#### PROVIDED INFORMATION

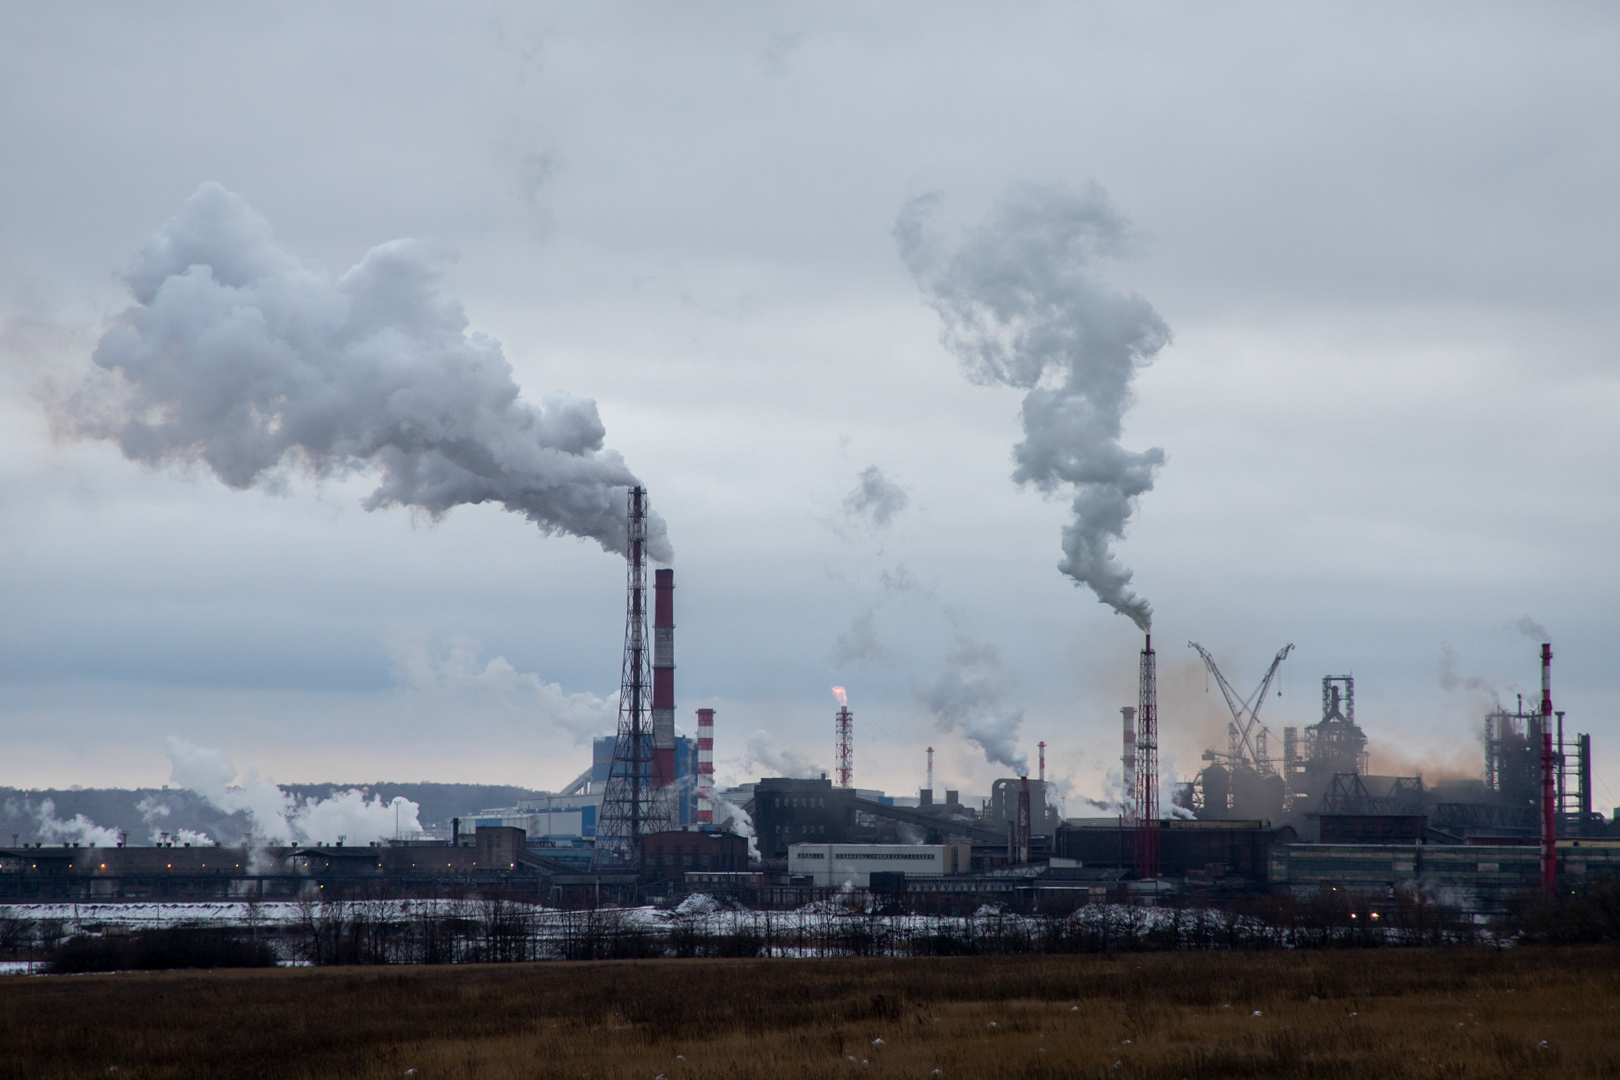 В Тульской области работают девять постов наблюдения за выбросами предприятий
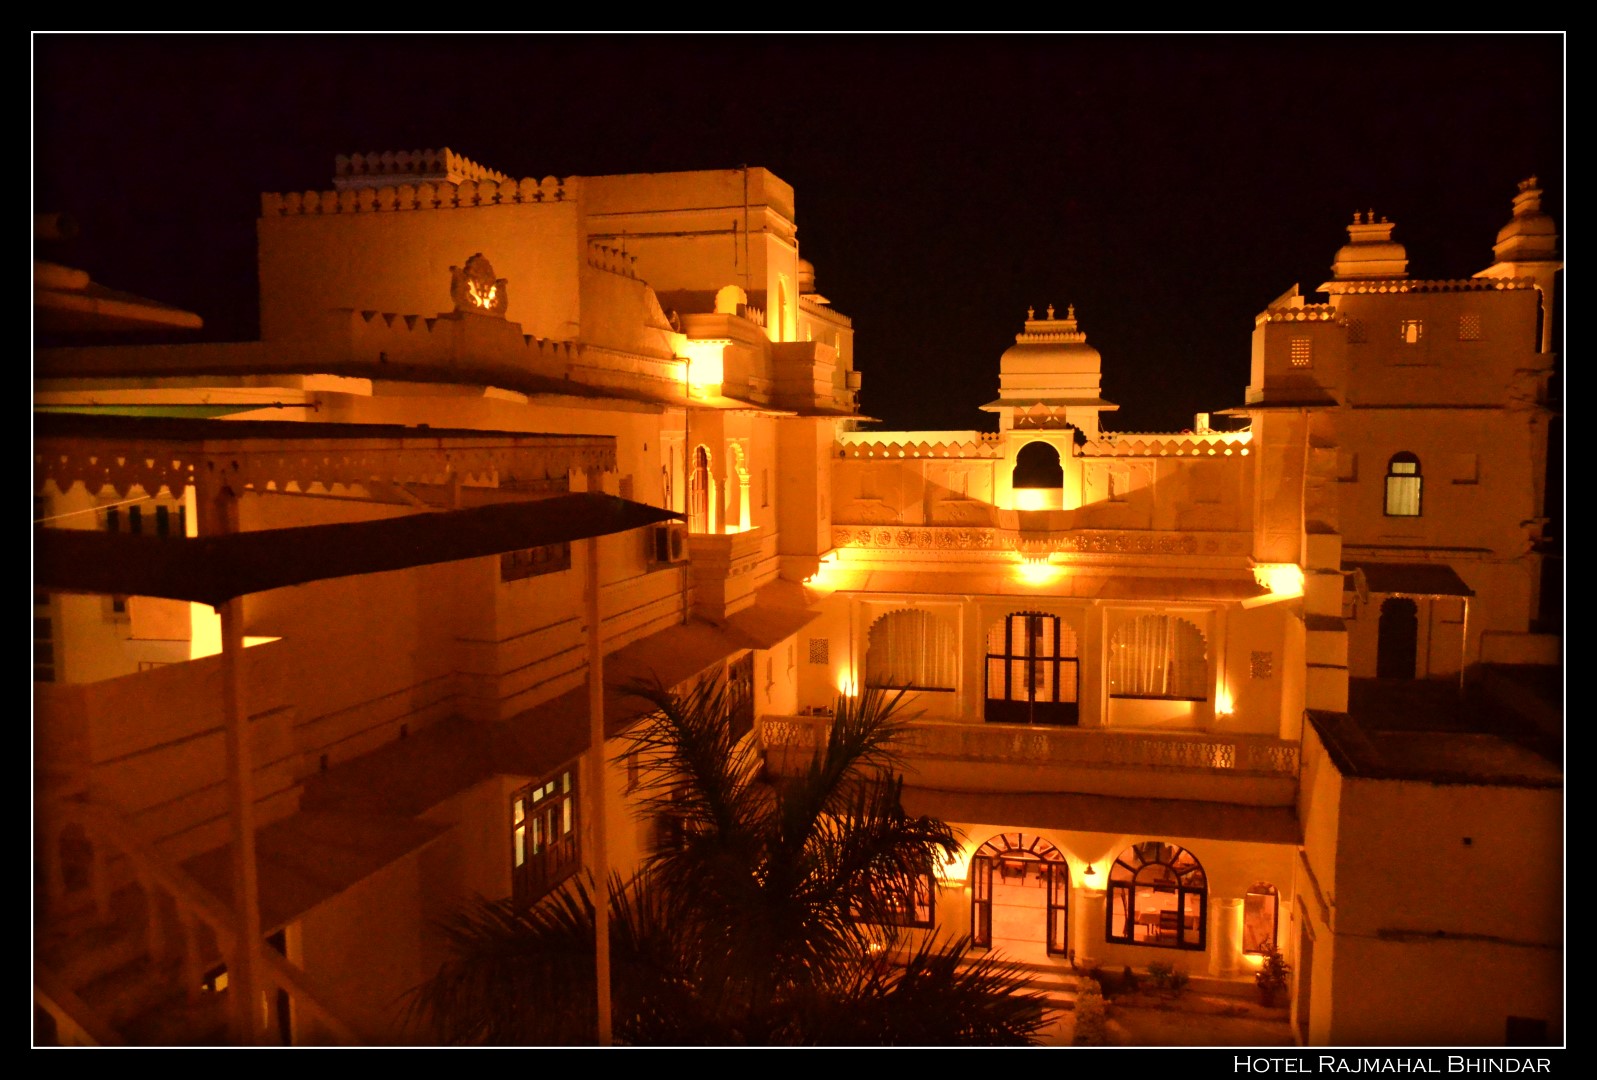 Hotel Rajmahal Bhindar welcomes 2013 | UdaipurBlog
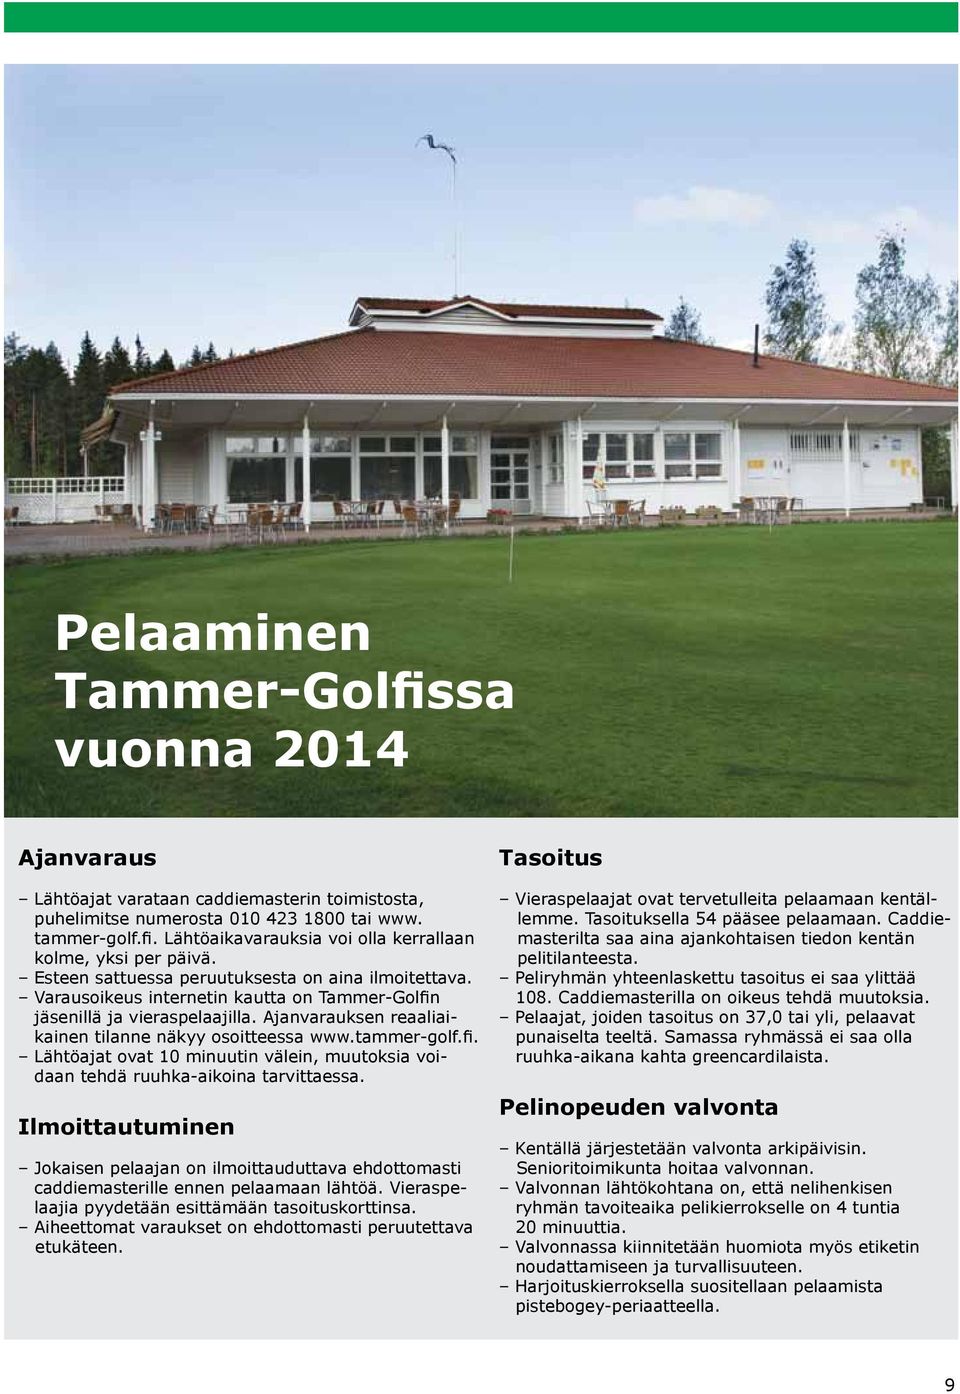 tammer-golf.fi. Lähtöajat ovat 10 minuutin välein, muutoksia voidaan tehdä ruuhka-aikoina tarvittaessa.
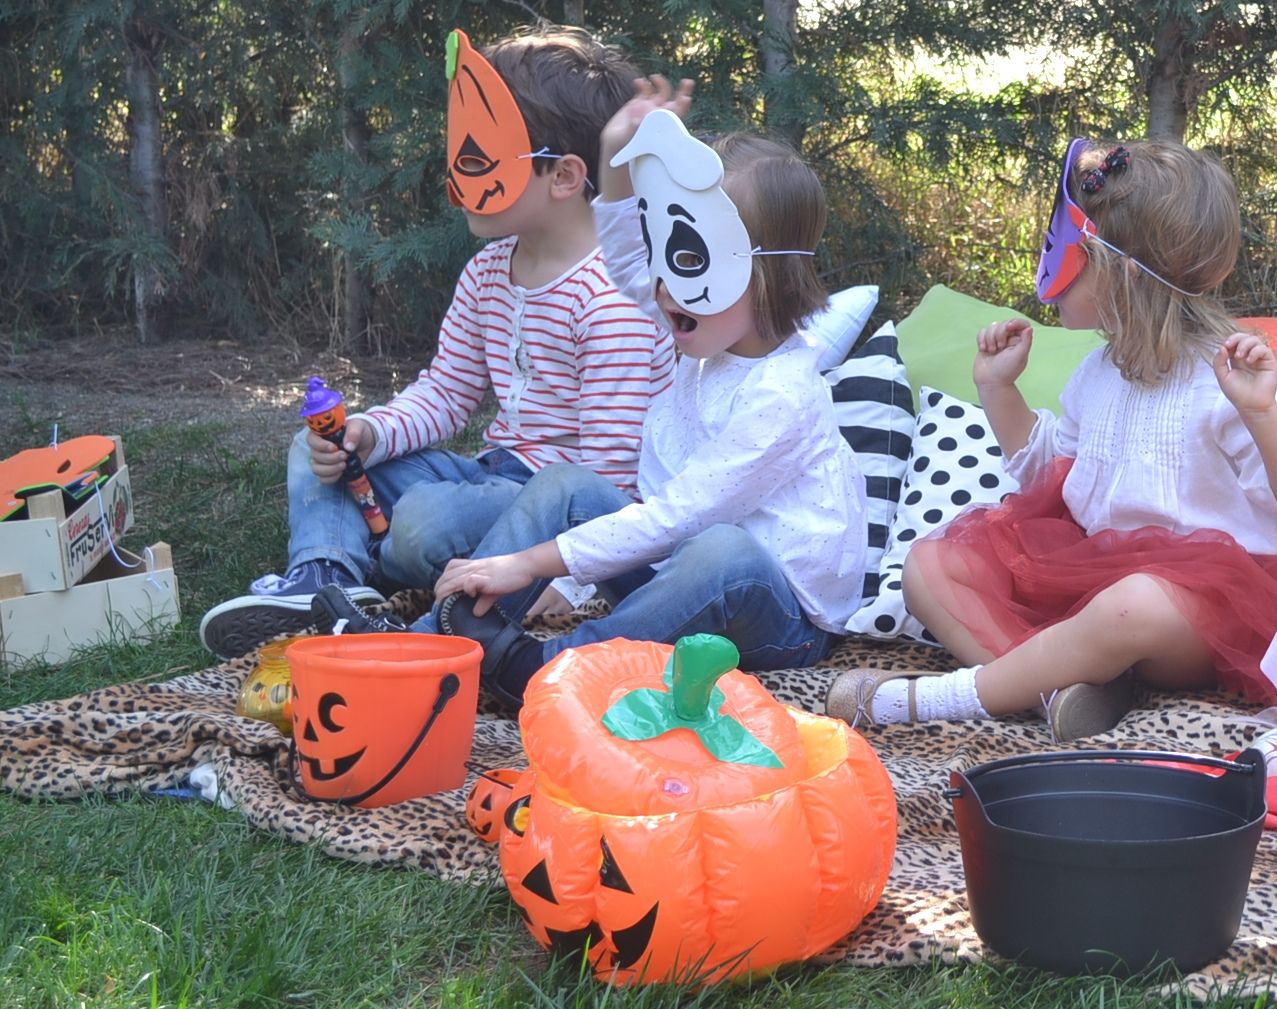  niños con caretas de halloween en fiesta en el parque
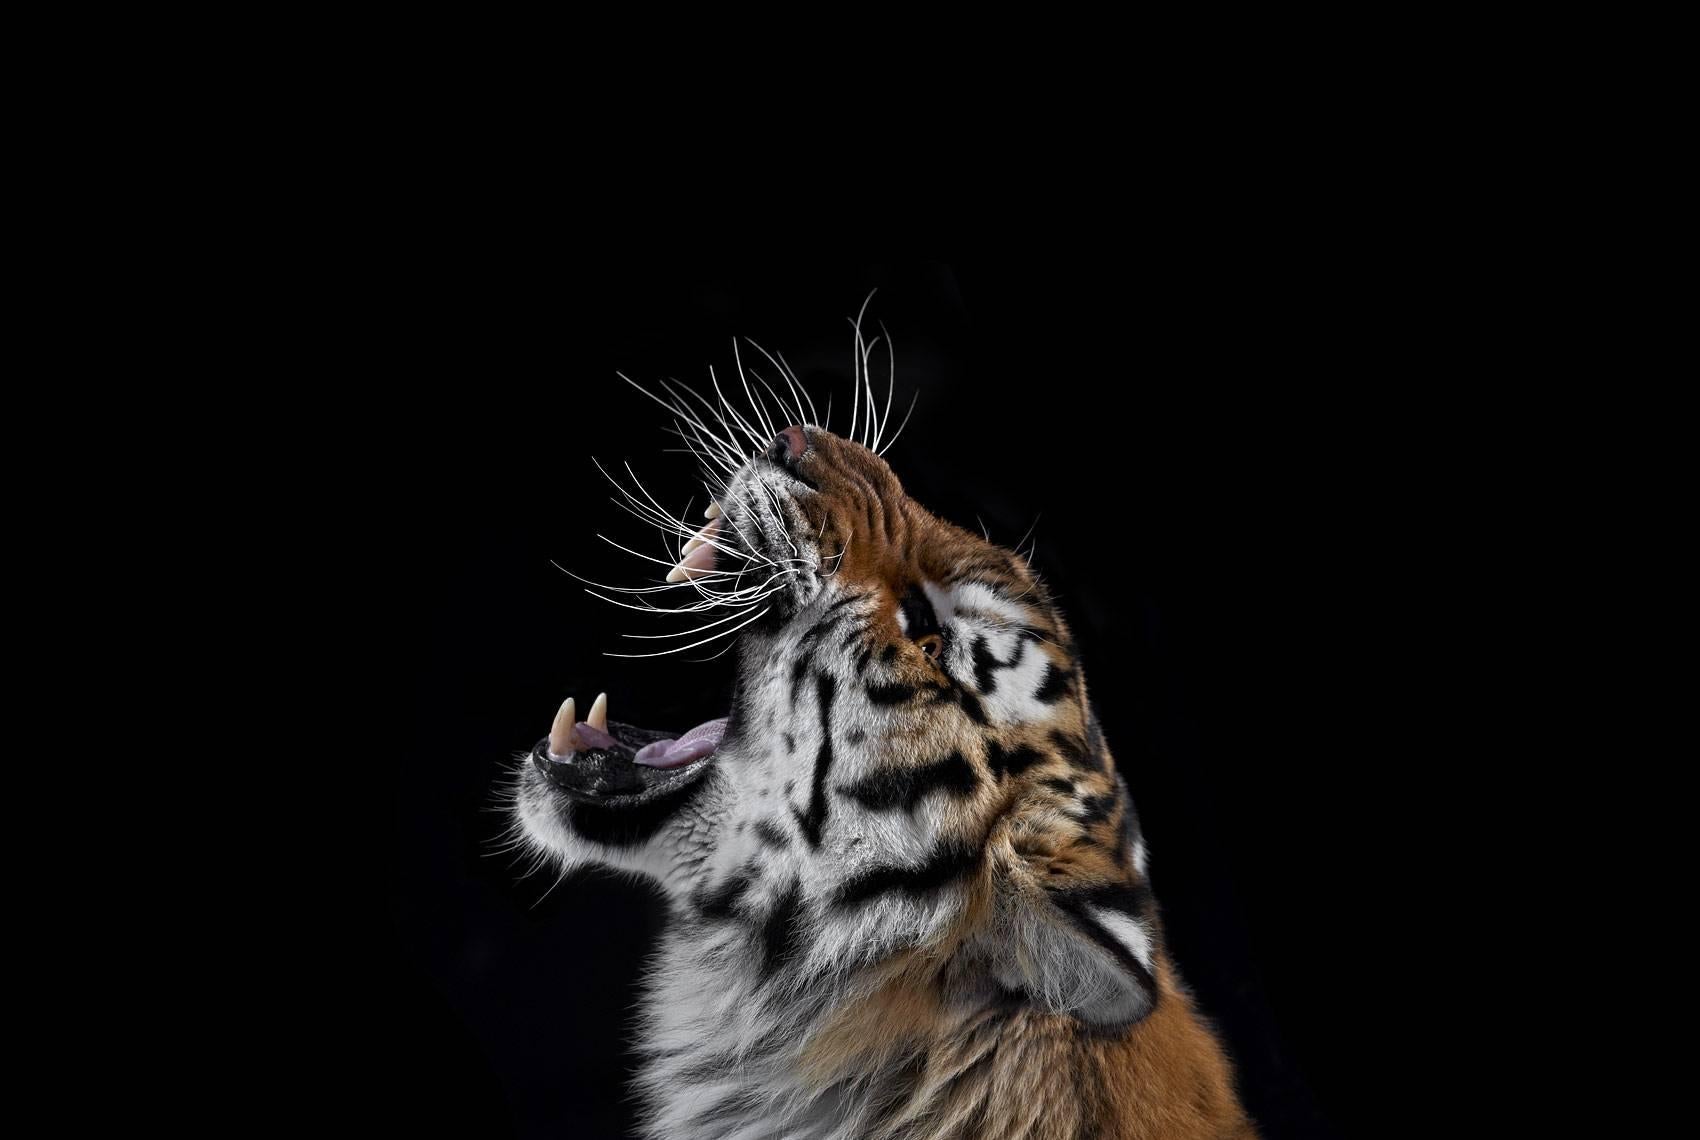 Tiger #3, Los Angeles, CA, 2010" ist eine limitierte Auflage einer Fotografie des zeitgenössischen Künstlers Brad Wilson aus der Serie "Affinity", die Studioporträts von Wildtieren zeigt. 

Dieses Foto wird nur als ungerahmter Abzug verkauft. Es ist

########

YOUR TASK:
Only the lines from the one containing "Hotel Rajmahal Bhindar" through the last line of the records above should be repeated, exactly and without pictures.

REPLY TO THE EXERCISE:
 Hotel Rajmahal Bhindar welcomes 2013 | UdaipurBlog
 tammer-golf.fi. Lähtöajat ovat 10 minuutin välein, muutoksia voidaan tehdä ruuhka-aikoina tarvittaessa.
  niños con caretas de halloween en fiesta en el parque
 Tiger #3, Los Angeles, CA, 2010" ist eine limitierte Auflage einer Fotografie des zeitgenössischen Künstlers Brad Wilson aus der Serie "Affinity", die Studioporträts von Wildtieren zeigt. 

Dieses Foto wird nur als ungerahmter Abzug verkauft. Es ist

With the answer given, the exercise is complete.